O que significa tudo isso? Que vai chover cada vez menos?
-- Significa que todos aqueles serviços ambientais estão
sendo dilapidados. É a mesma coisa que arrebentar turbinas na usina de Itaipu -
aí não tem mais eletricidade. É de clima que estamos falando, da umidade que
vem da Amazônia. É essa a dimensão dos serviços que estamos perdendo. Estamos
perdendo um serviço que era gratuito que trazia conforto, que fornecia água
doce e estabilidade climática. Um estudo feito na Geórgia por uma associação do
agronegócio com ONGs ambientalistas mediu os serviços de florestas privadas
para áreas urbanas. Encontraram um valor de US$ 37 bilhões. É disso que estamos
falando, de uma usina de serviços.
"Sistemas agrícolas são dependentes da floresta.

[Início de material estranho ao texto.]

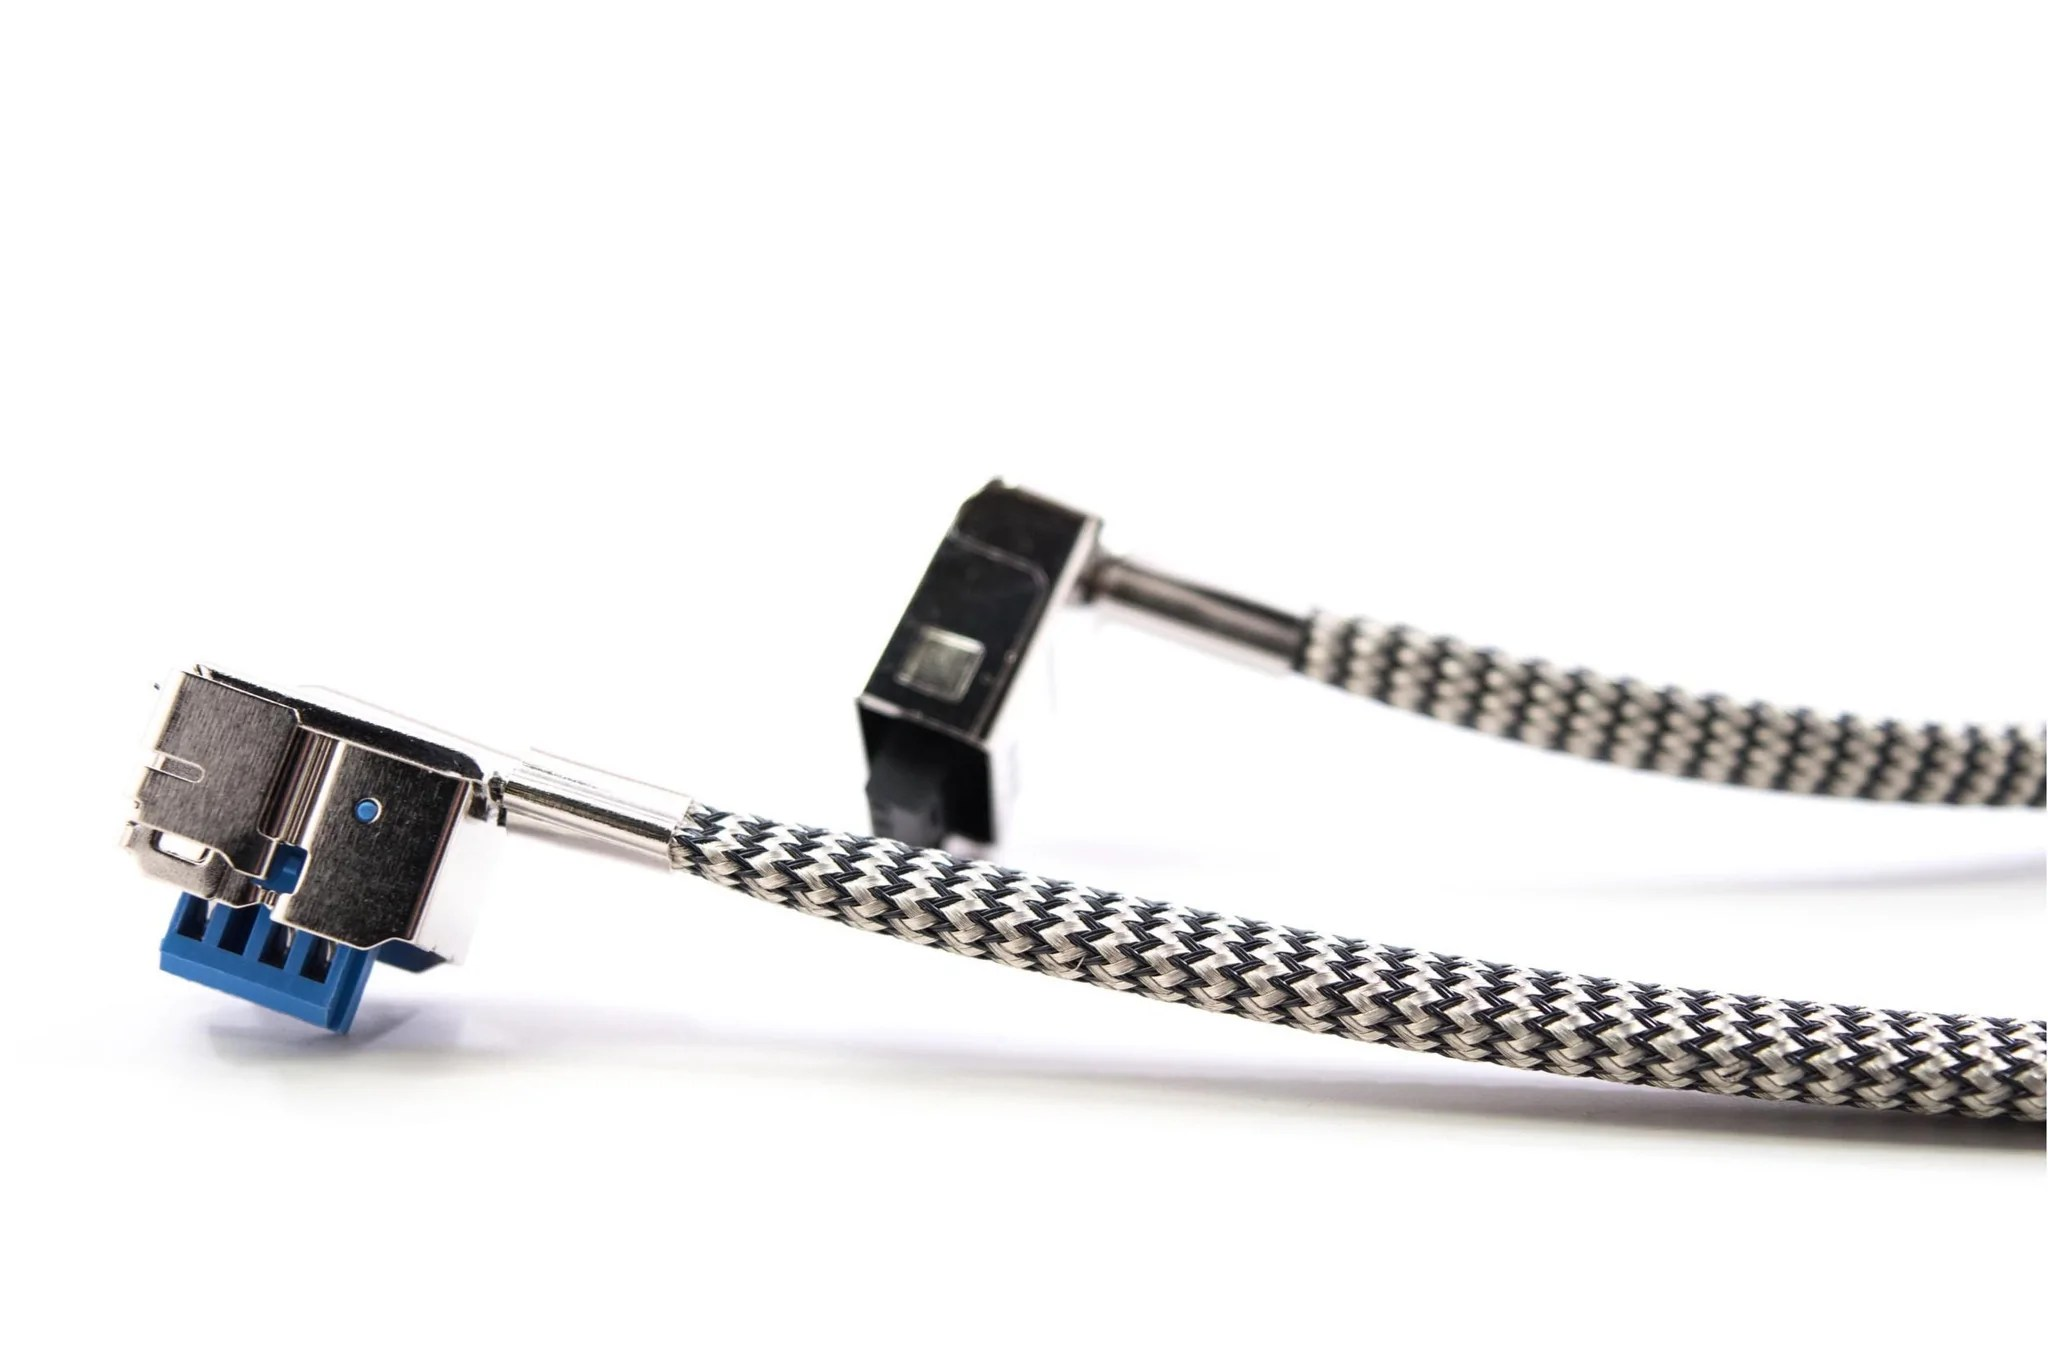 d1s d1r ballast to bulb cables [ 2048 x 1366 Pixel ]

Se não chove, a plantação não vai para lugar nenhum"
As pessoas em São Paulo estão preocupadas com a seca.
-- Sim, mas quantos
paulistas compraram móveis e construíram casas com madeira da Amazônia e nem
perguntaram sobre a procedência? Não estou responsabilizando os paulistas
porque existe muita inconsciência sobre a questão. Mas o papel da ciência é
trazer o conhecimento. Estamos chegando a um ponto crítico e temos que avisar.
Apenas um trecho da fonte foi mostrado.